** Opening RECORDED DATA block **
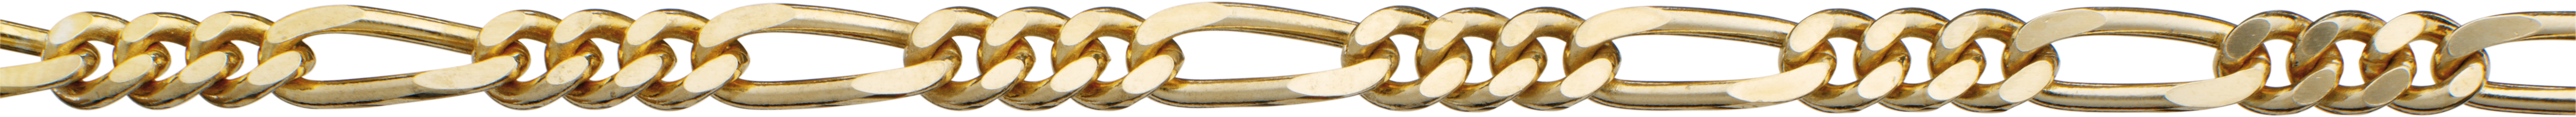 figaro ketting goud 585/-gg 4,00mm, draad dikte 1,20mm
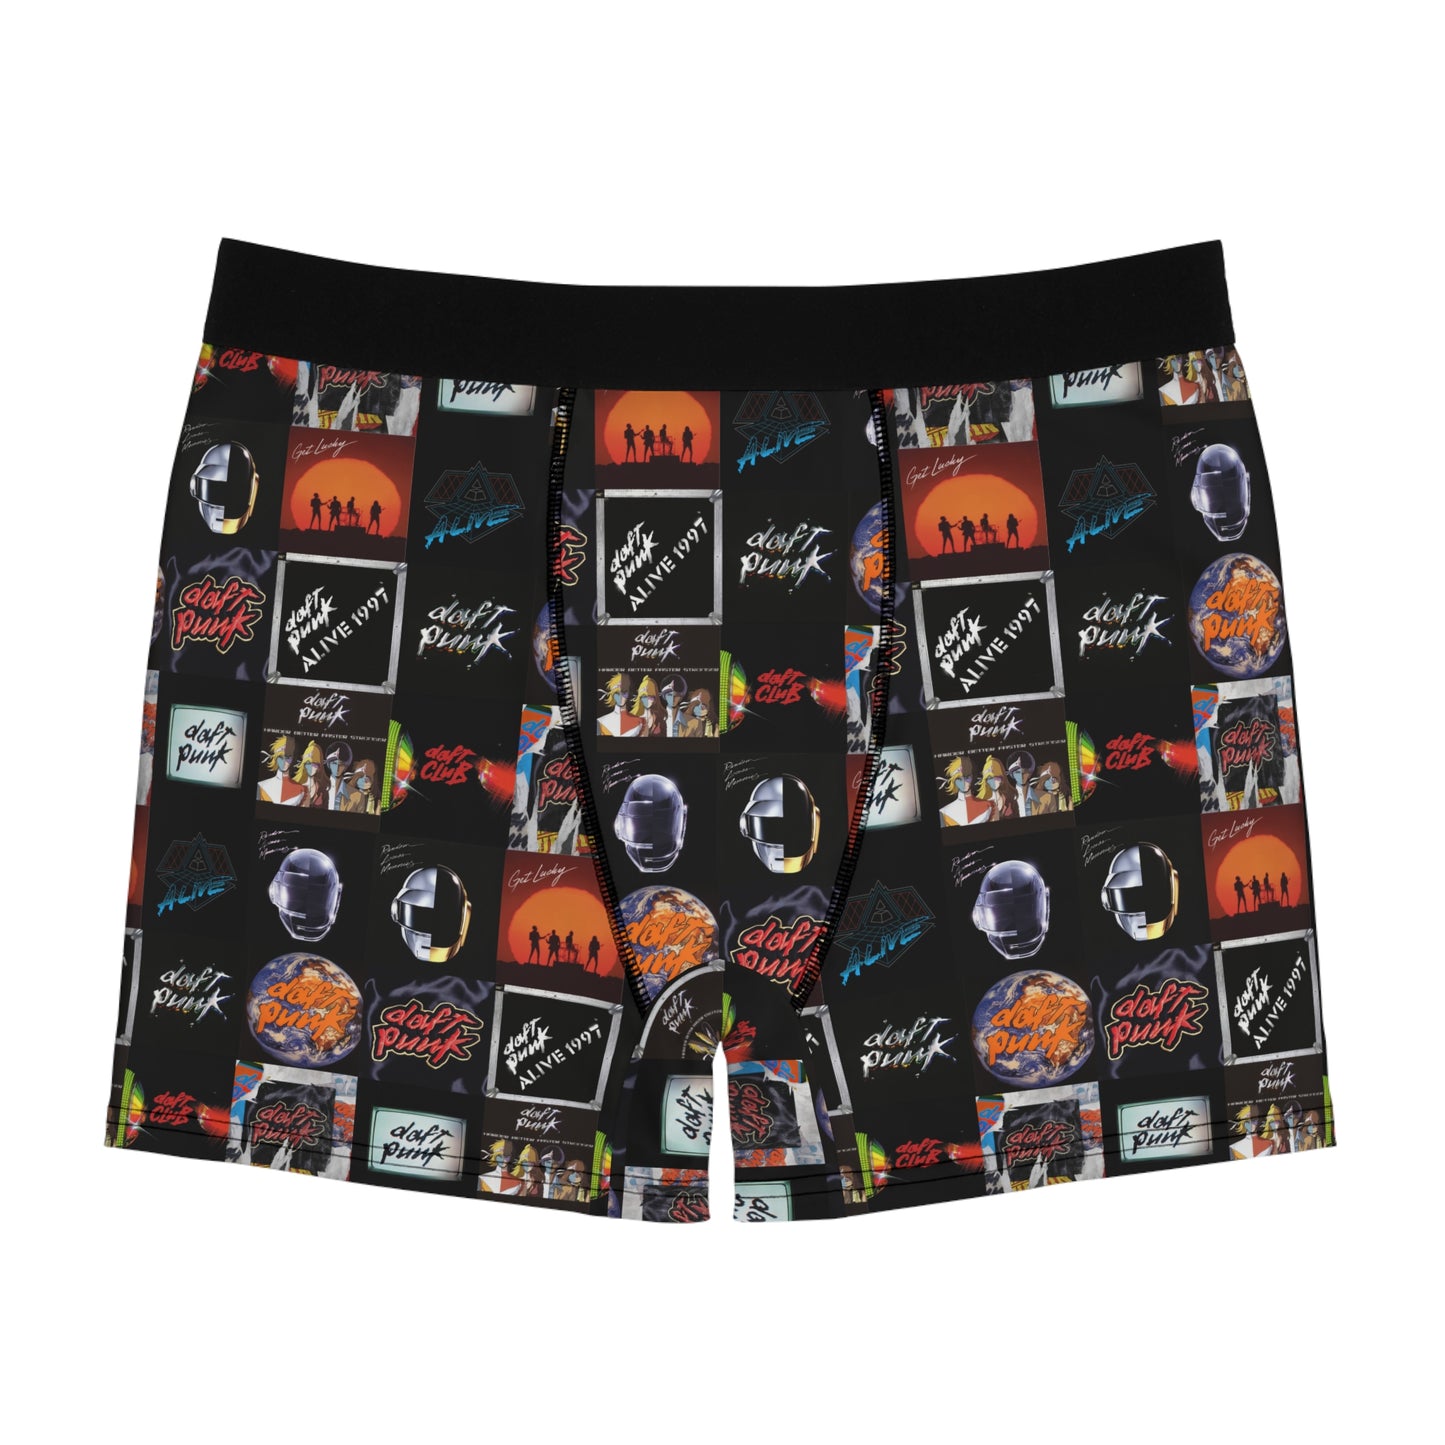 Daft Punk Album Cover Art Collage Men's Boxer Briefs Underwear
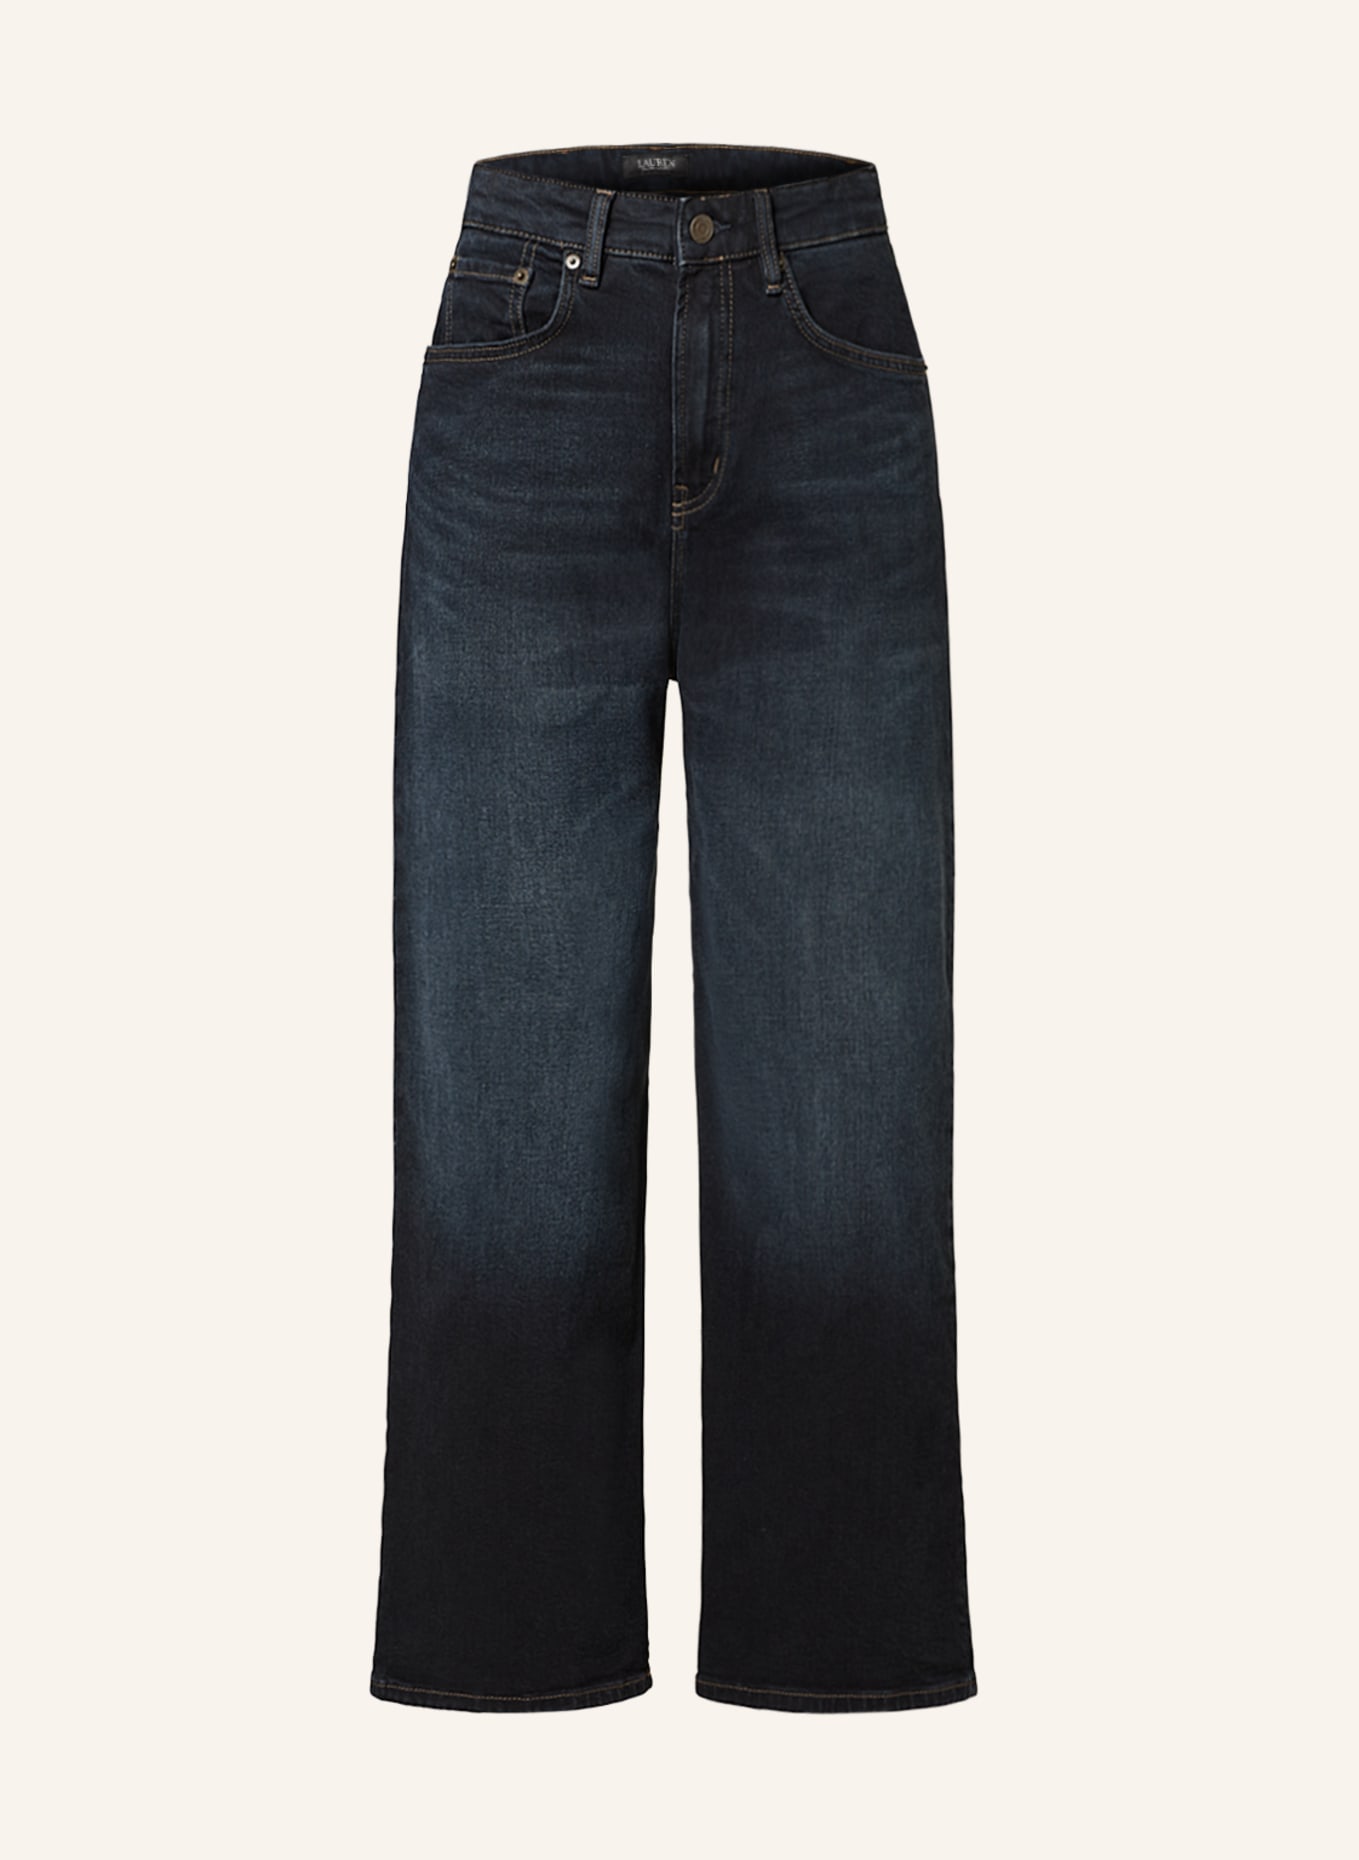 LAUREN RALPH LAUREN 7/8 jeans, Color: 001 NOAM WASH (Image 1)
** Closing RECORDED DATA block **
» **EXERCISE DETAILS**
Your response must reproduce every line of the data exactly, with images omitted.

» **TASK ANSWER**
 figaro ketting goud 585/-gg 4,00mm, draad dikte 1,20mm
 Daft Punk Album Cover Art Collage Men's Boxer Briefs Underwear
 LAUREN RALPH LAUREN 7/8 jeans, Color: 001 NOAM WASH (Image 1)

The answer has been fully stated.